Ultimately Doc and Carol McCoy hide out in a dumpster, and there’s a bizarre scene in which both they and the satchel containing the loot are nearly buried alive under mounds of garbage and come close to being compacted in the dump truck (how James Bond!). Later they escape and hitch a ride from another garbage-truck driver (though this one drives a considerably smaller and less threateningly mechanized vehicle), “Cowboy,” played by Slim Pickens, His schtick is familiar to anyone who’s seen his great turn as the pilot in Dr. Strangelove 18 years earlier, but he’s still a delight and a breath of fresh air.
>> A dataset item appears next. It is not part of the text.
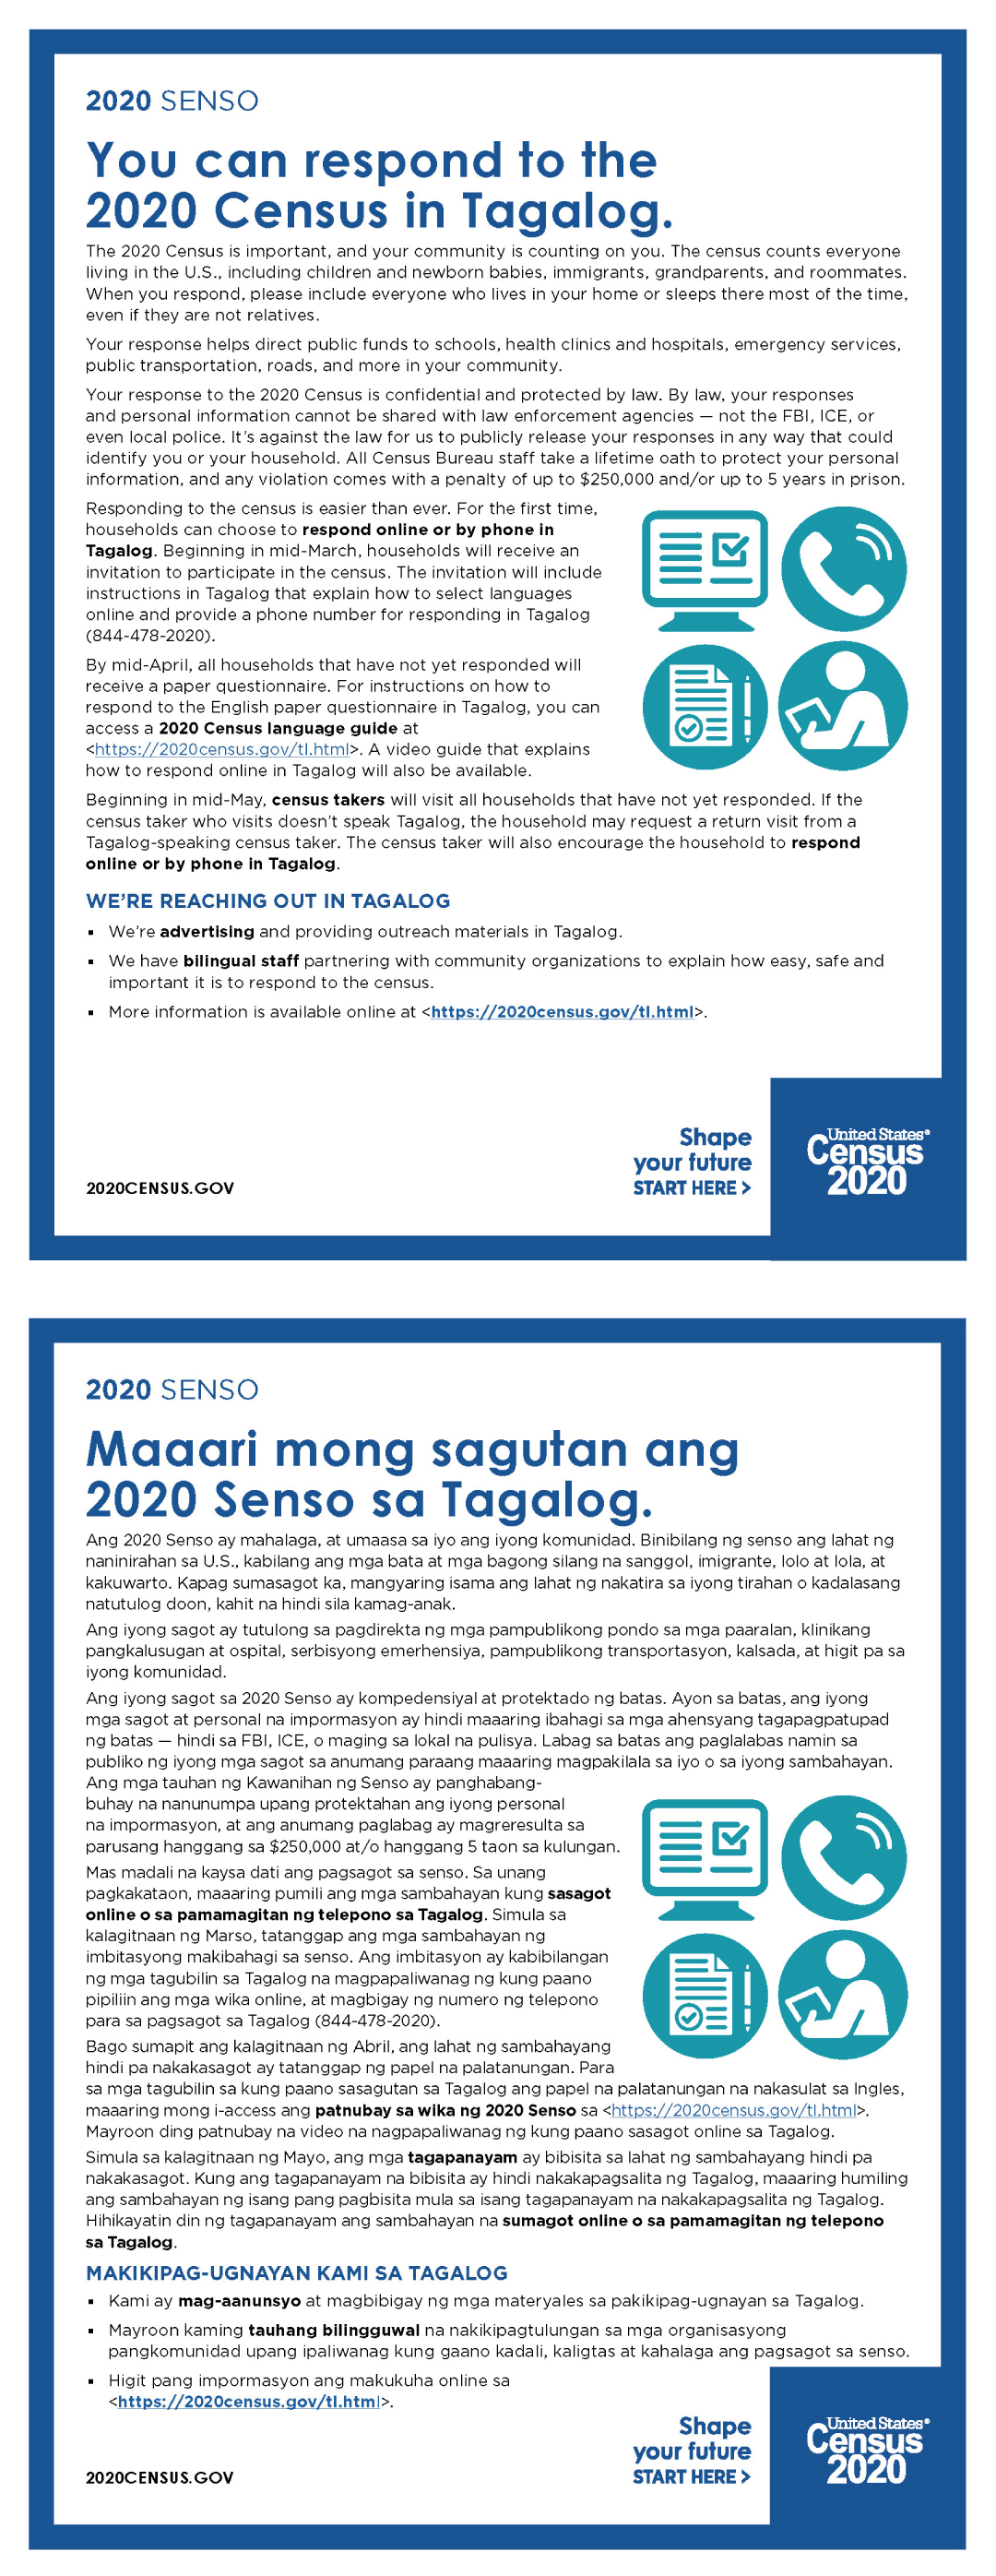 You can respond to the 2020 Census in Tagalog. (Maaari mong sagutan ang  2020 Senso sa Tagalog.)
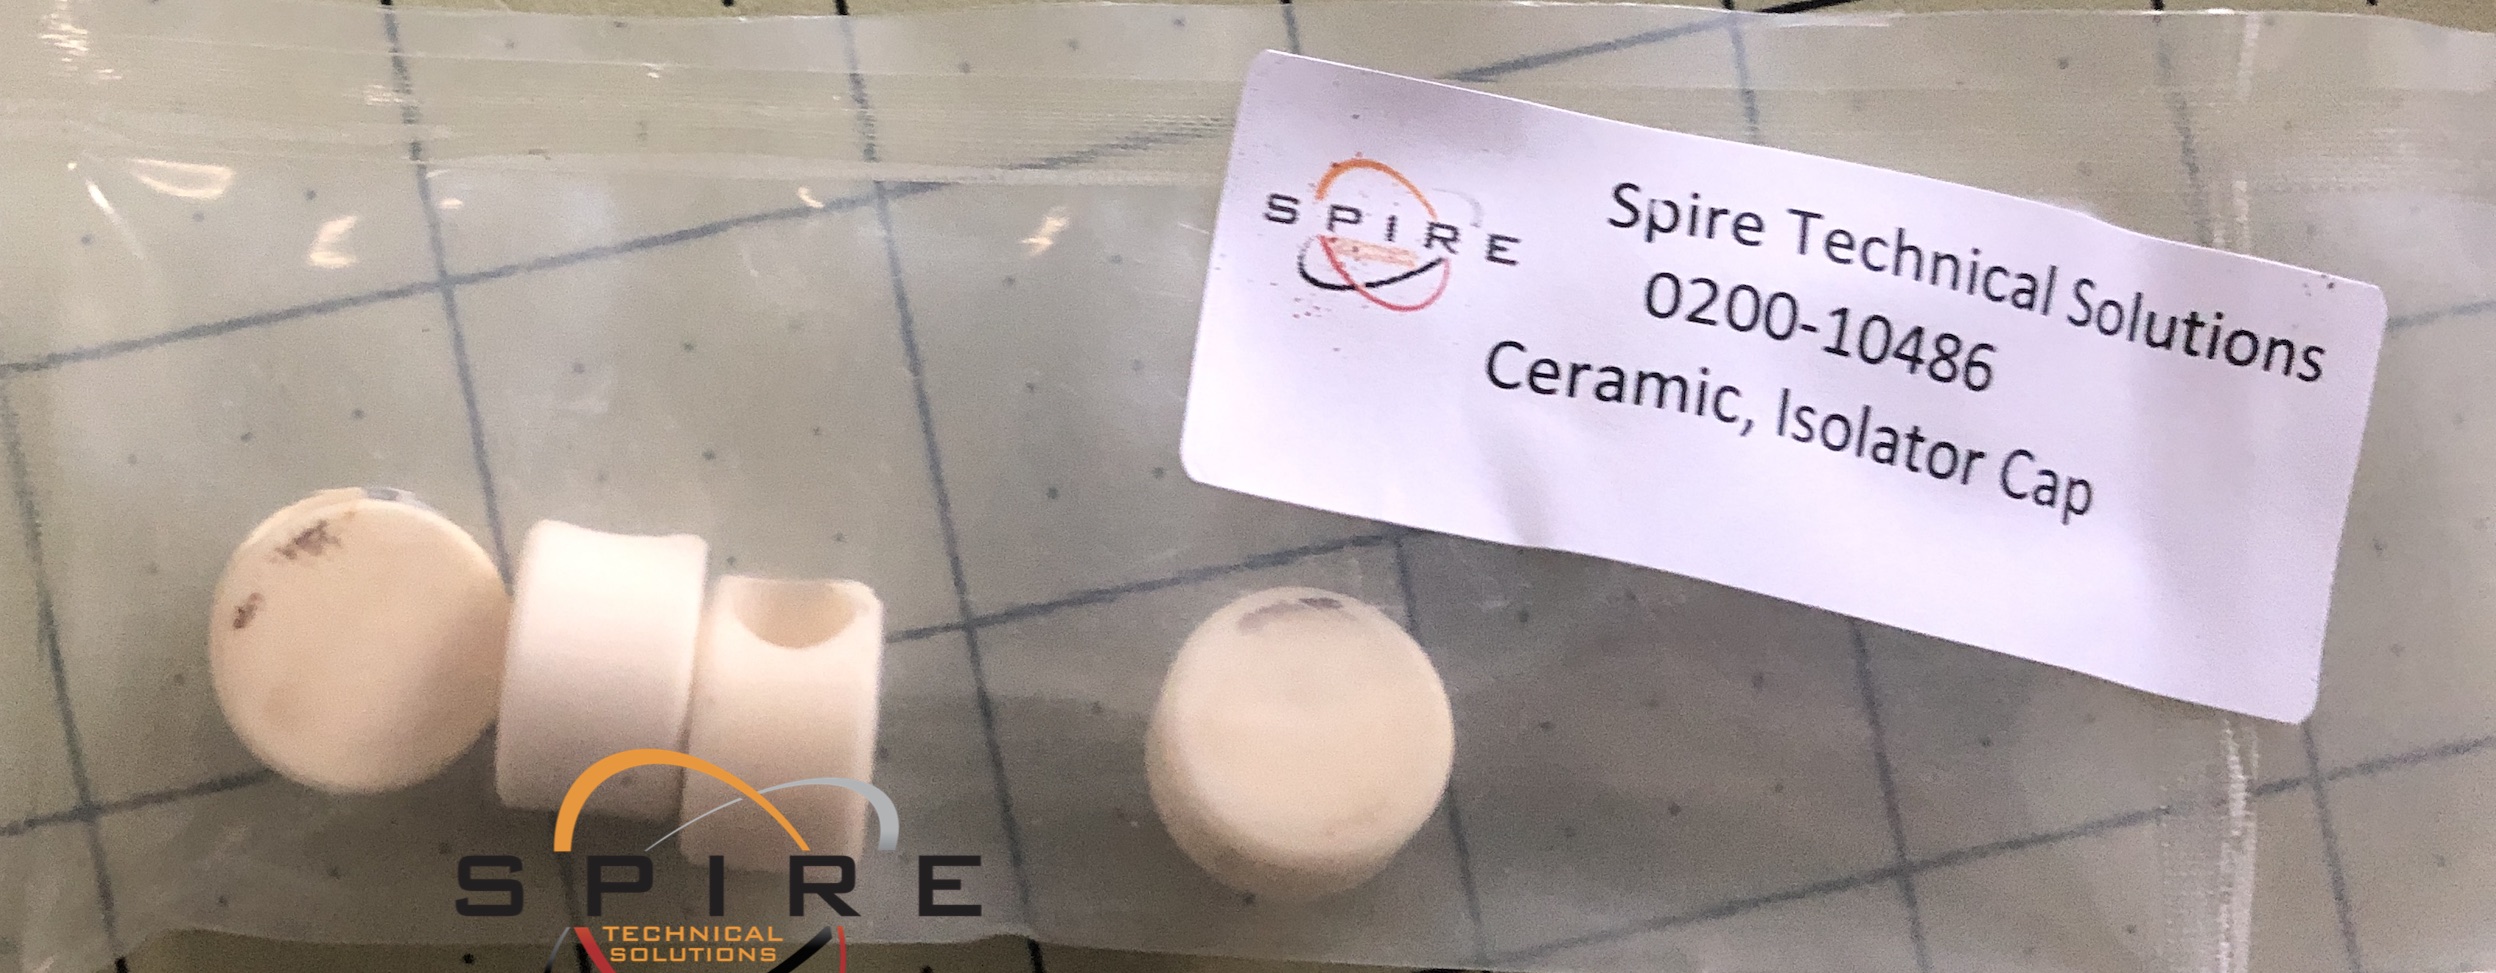 Ceramic, Isolator Cap

Ultimately the McCoys buy Cowboy’s truck for $30,000 from the bank loot and go off together in the sunset – the sort of ending you could get away with once the Production Code Administration yielded to the ratings board and you no longer were covered by the iron stricture that criminals had to be punished for their crimes. After we watched The Getaway Charles asked me where on Sam Peckinpah’s violence schedule it rated on a scale of 10, and I said, “3 ½ to 4.” There are two sequences – the actual bank robbery about 40 minutes into the two-hour film and the big shootout at the end – that feature the sort of bloodbaths in slow motion that had become Peckinpah’s big trademark, but overall The Getaway is surprisingly boring, especially given its director’s reputation. Peckinpah was pissed off when scenes he had shot of violence in slow motion for his 1965 film Major Dundee were cut out by the studio, Columbia, and as a result another director, Arthur Penn, got the reputation for being the first director to film a shoot-out in slow motion in the 1967 film Bonnie and Clyde. I told that anecdote to Charles after we’d seen The Getaway, and he seemed to think it was a strange and insufferable distinction to want to have in one’s personal work history!